Эти чайки и фейерверки не раз пройдут перед читателем в прозаической сюите хроникальных, в одну страничку, заметок Лесамы, которые он печатал в 1949–1950 годах под рубрикой «Гавана» в литературном приложении к старой, еще XIX века, столичной газете (туда его, так же как Борхеса, Карпентьера, Астуриаса и многих других, пригласил заведовавший Приложением до своей эмиграции в Испанию дружественный поэт и журналист Гастон Бакеро). Заметки продуманно мозаичны и вместе с тем нимало не отступают от главного для Лесамы, не упрощают (уплощают) его мысль. Больше того, «Гавана» – как согласятся позднейшие критики и комментаторы – это своего рода малая Summa всего продуманного и написанного автором. В центре сюиты – образы дома, города, острова как идеального устройства человеческого общежития; еще раз напомню, что речь идет о поэтической утопии дома и города, о «теологии острова», по выражению уже цитировавшегося Синтио Витьера.
Испанский поэт, из лучших в своем поколении, Хосе Анхель Валенте во второй половине 1960-х посетил Лесаму в его доме на столичной улице Трокадеро (он практически безвыездно обитал там с 1929 года и прожил до кончины). В письме кубинскому писателю Валенте вспоминал потом строки из лесамианского «Гимна нашему свету»:
И, пускай не изменит слух,
глаз – как гончая – днем и ночью
ищет тайное средоточье,
где огнем пламенеет Дух, —
и пытался по памяти восстановить или угадать лесамианский образ кубинской столицы. Он спрашивал «учителя» (так в его письме!): «…не есть ли Гавана – один из великих городов земли, хранящих тайну доступа к незримой недвижности средоточия, бесконечному покою головокружительного круговорота, растительной завязи солнечного луча?» А сам Лесама в одной из заметок гаванской сюиты раскрывал тему так: «Начиная с греческих городов, построенных на непосредственно видимом, на культуре глаза, до современных гигантских столиц, воздвигнутых как бы на видéнии, впечатанном в память, на бесконечных вариантах единой и сложной симфонии, гуманистическая полнота сущего противостоит здесь безымянным силам, низшим организмам и леденящему хаосу… Так что каждый город пронизан ностальгией по Вавилонской башне и Лествице Иакова, по бесконечно отдаляющемуся пределу и отчеканивающей сон форме». Заметим: главное и тут – ритуальная сосредоточенность, а не оргиастический хмель, раздвигающиеся границы, а не вздыбившаяся бесформенность.
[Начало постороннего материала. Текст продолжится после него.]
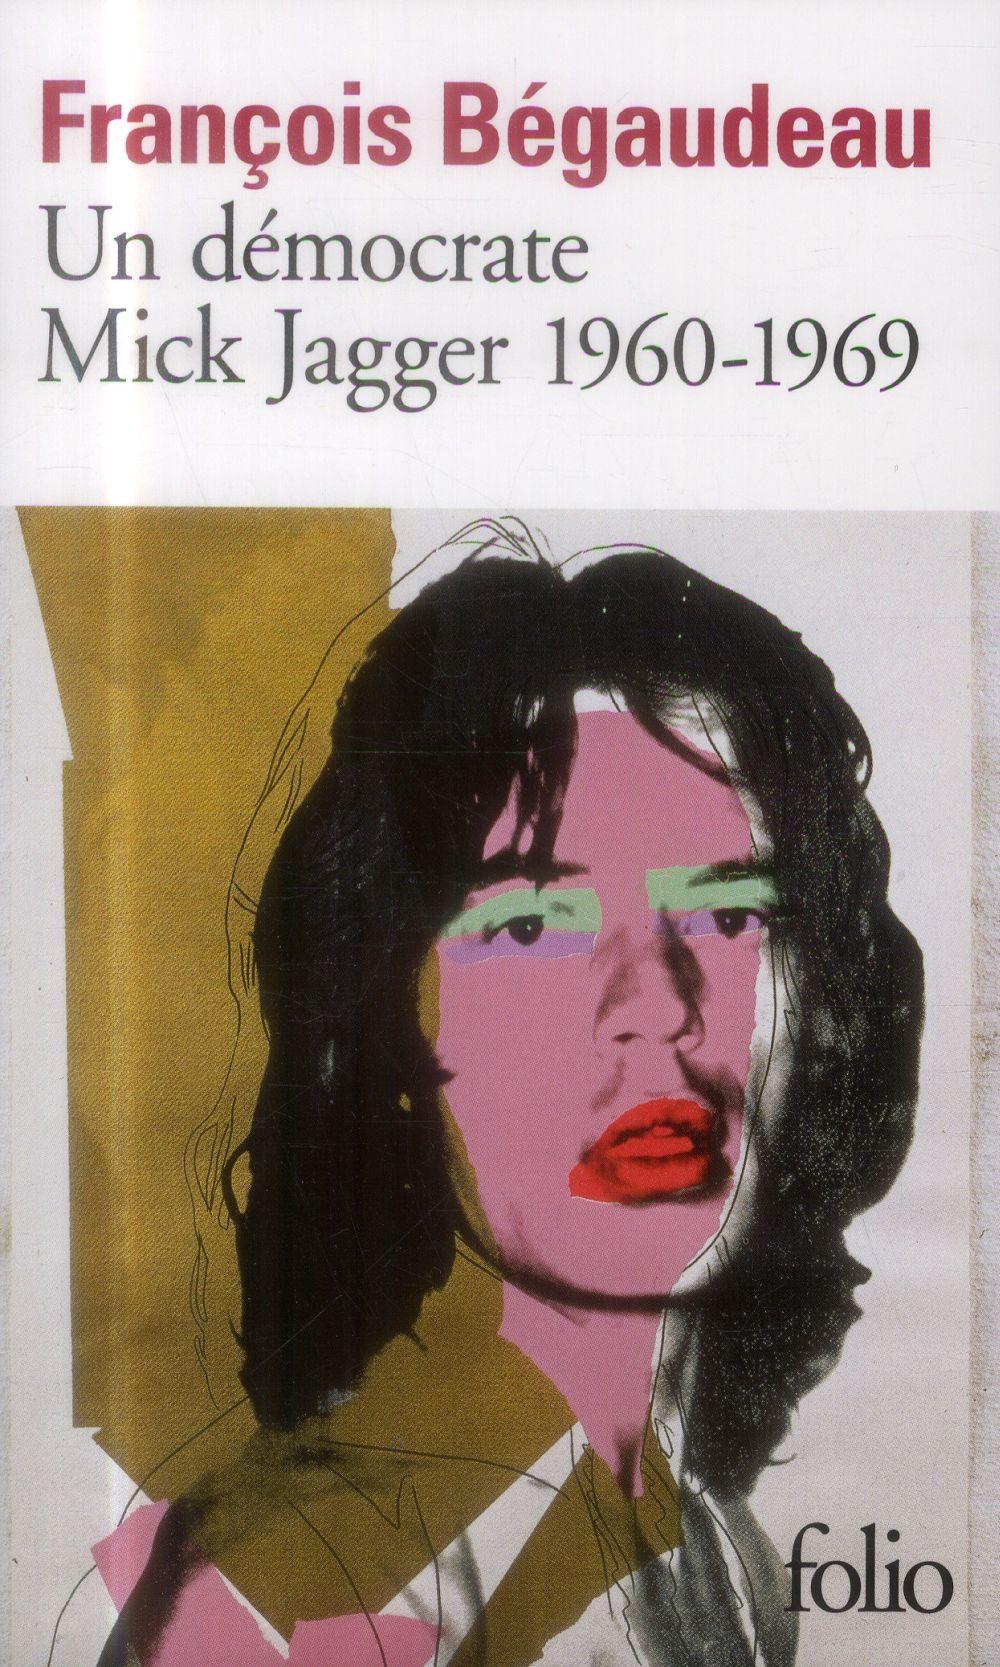 UN DEMOCRATE : MICK JAGGER 1960-1969
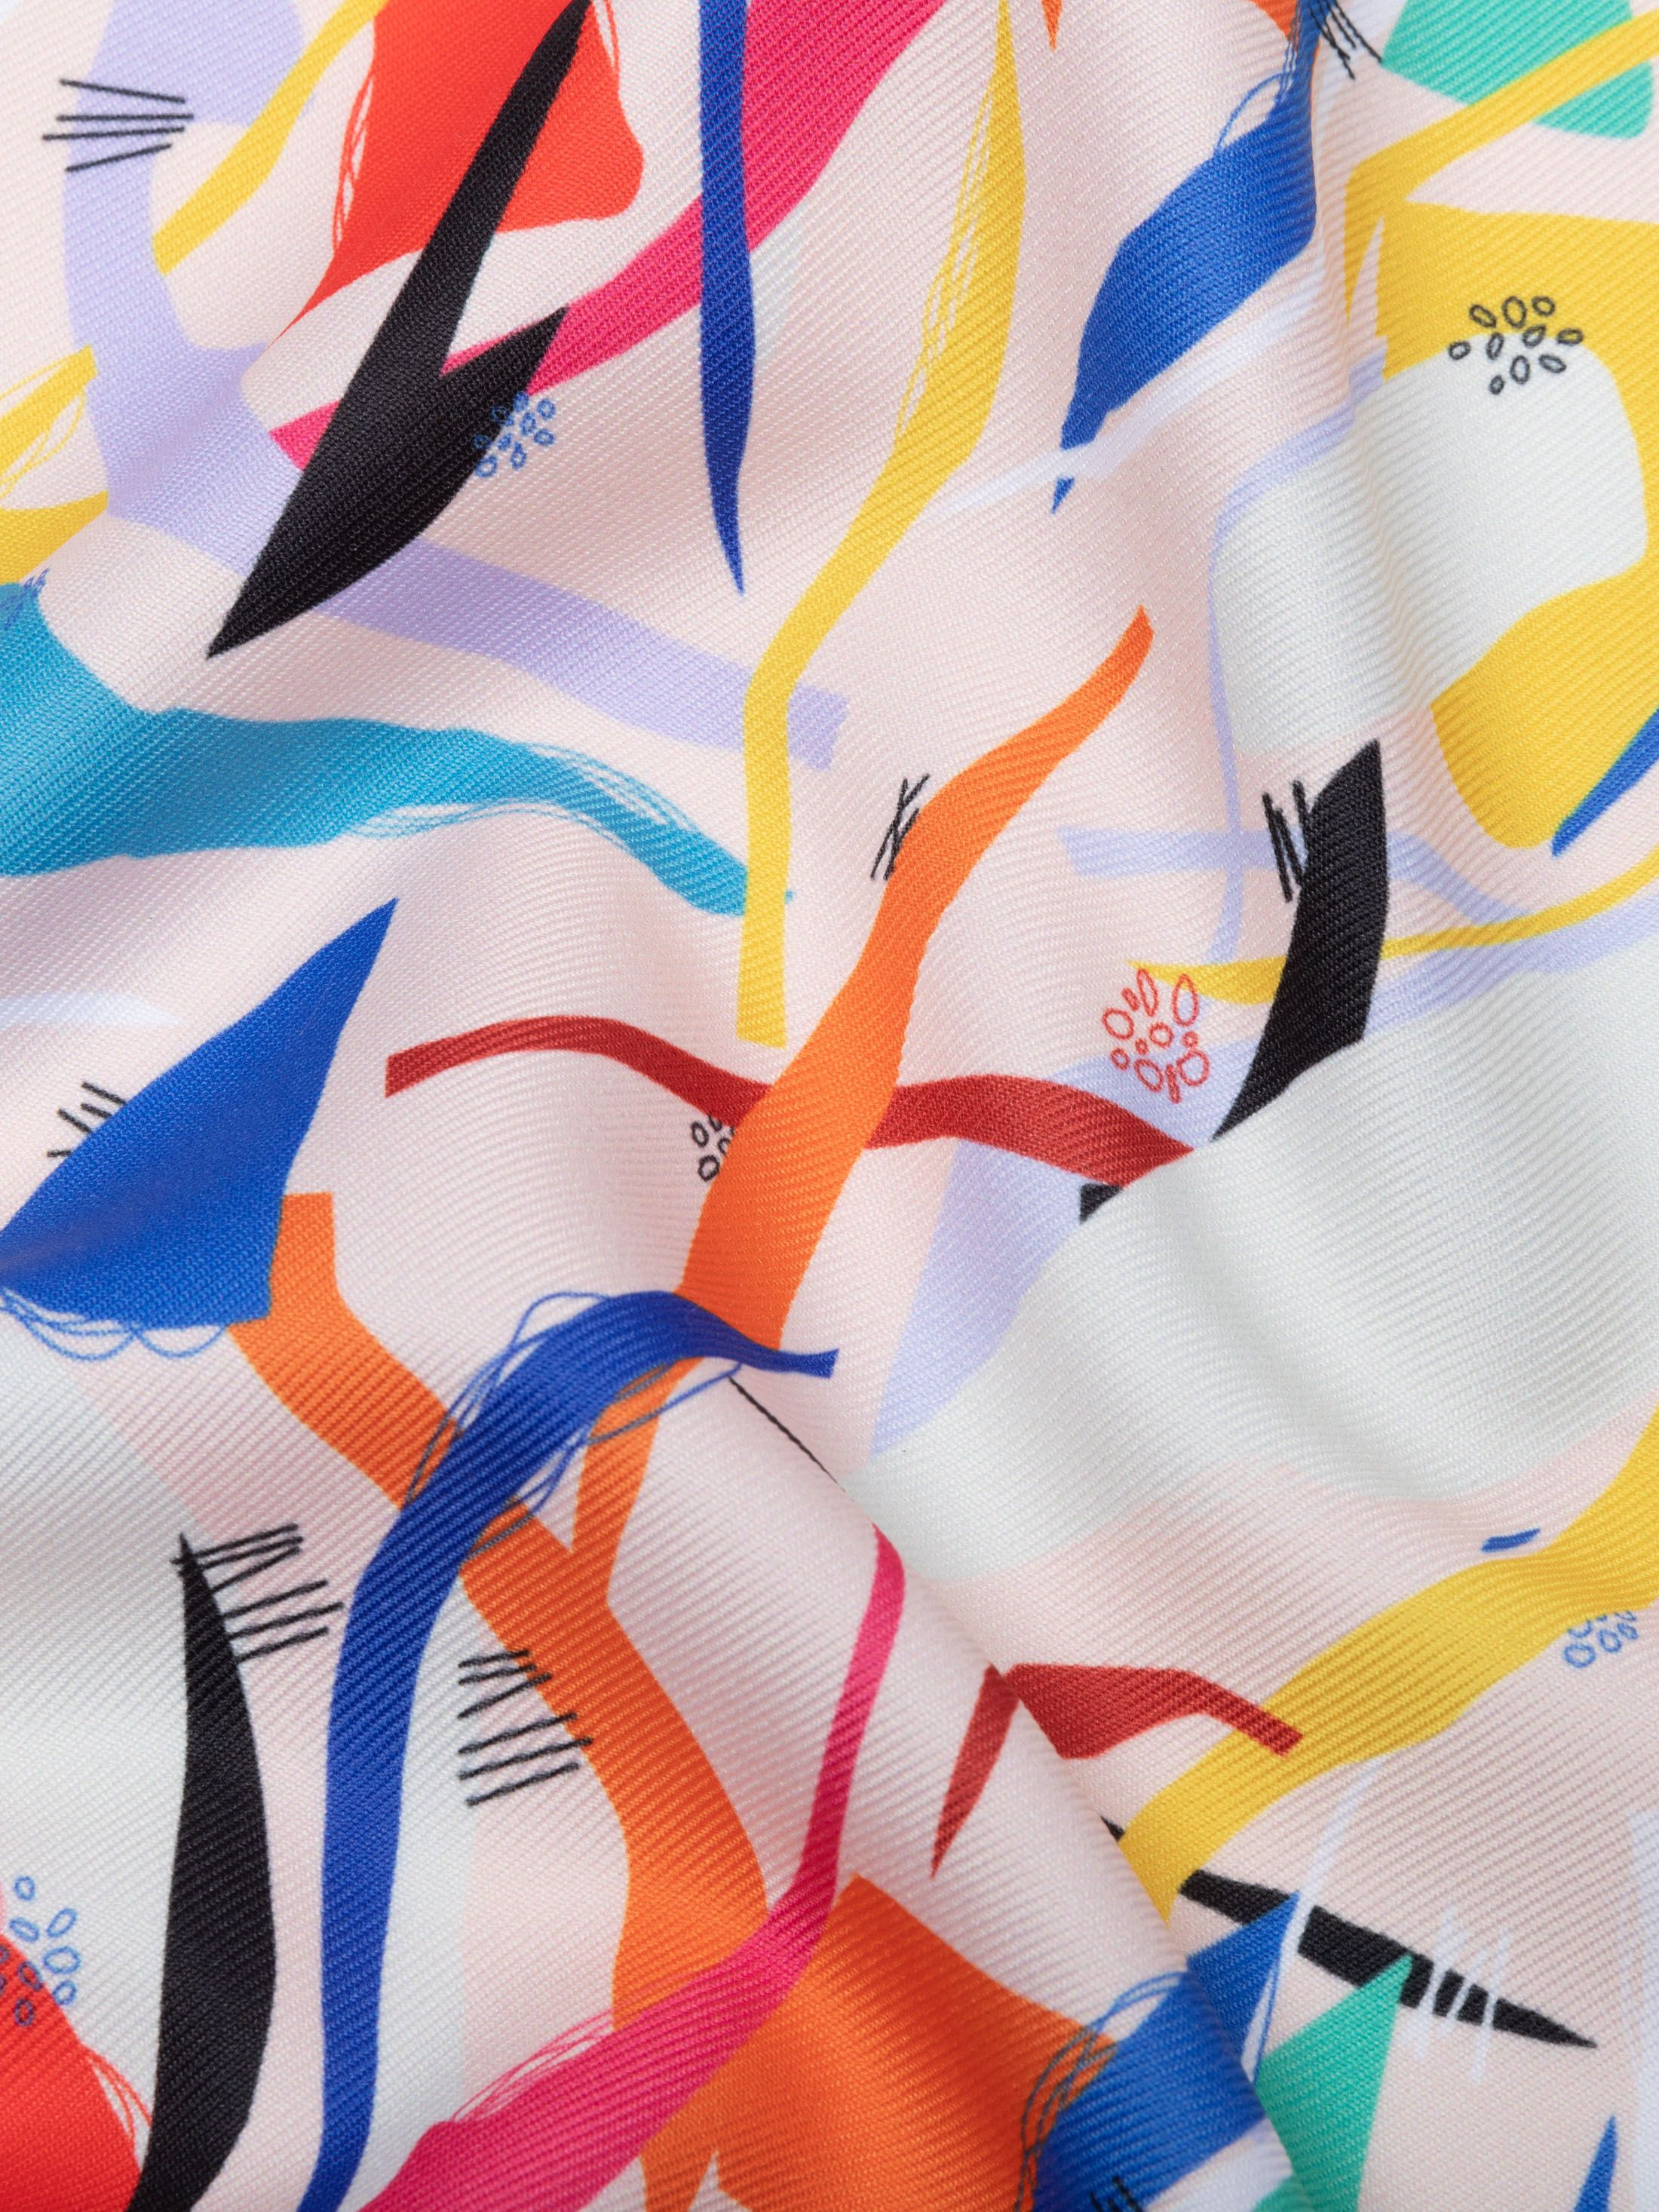 printing on poly twill fabric

В сюите «Гавана» взгляд автора – и читателя – свободно перескакивает с приезда Яши Хейфеца, выступления Алисии Марковой или выставки художников «Парижской школы» на причуды местной погоды и ухищрения гаванской кулинарии, прогулка до городского рынка перемешивается с экскурсом в историю европейского градостроительства, а блестки цирковой наездницы из Японии вплетаются в сияние католического Рождества. Повседневность как угол зрения задана тут самим жанром газетной хроники, к которому Лесама, уже вполне известный в избранных кругах герметичный поэт и эссеист, относится, отмечу, без малейшего снобства. Привязанность к домашнему укладу и женскому началу диктуется в «Гаване» биографией маминого сына (в уже цитировавшемся письме Марии Самбрано он, после смерти Росы Лимы де Лесамы, признавался, что чувствует себя и сыном и отцом своей матери) и к тому же с детских лет не очень здорового, привязанного к дому человека, а оборачивается мифологией домашних обрядов и утопией нерушимого уклада в кругу близких.
Общий же дух праздничного таинства, который, как известно, веет где хочет, внушен всем складом и мировоззрением нашего автора, этого «орфического католика», как его назвала в своем мемуаре Мария Самбрано. Суть сущего для Лесамы – в счастливом и непрестанном творческом пресуществлении.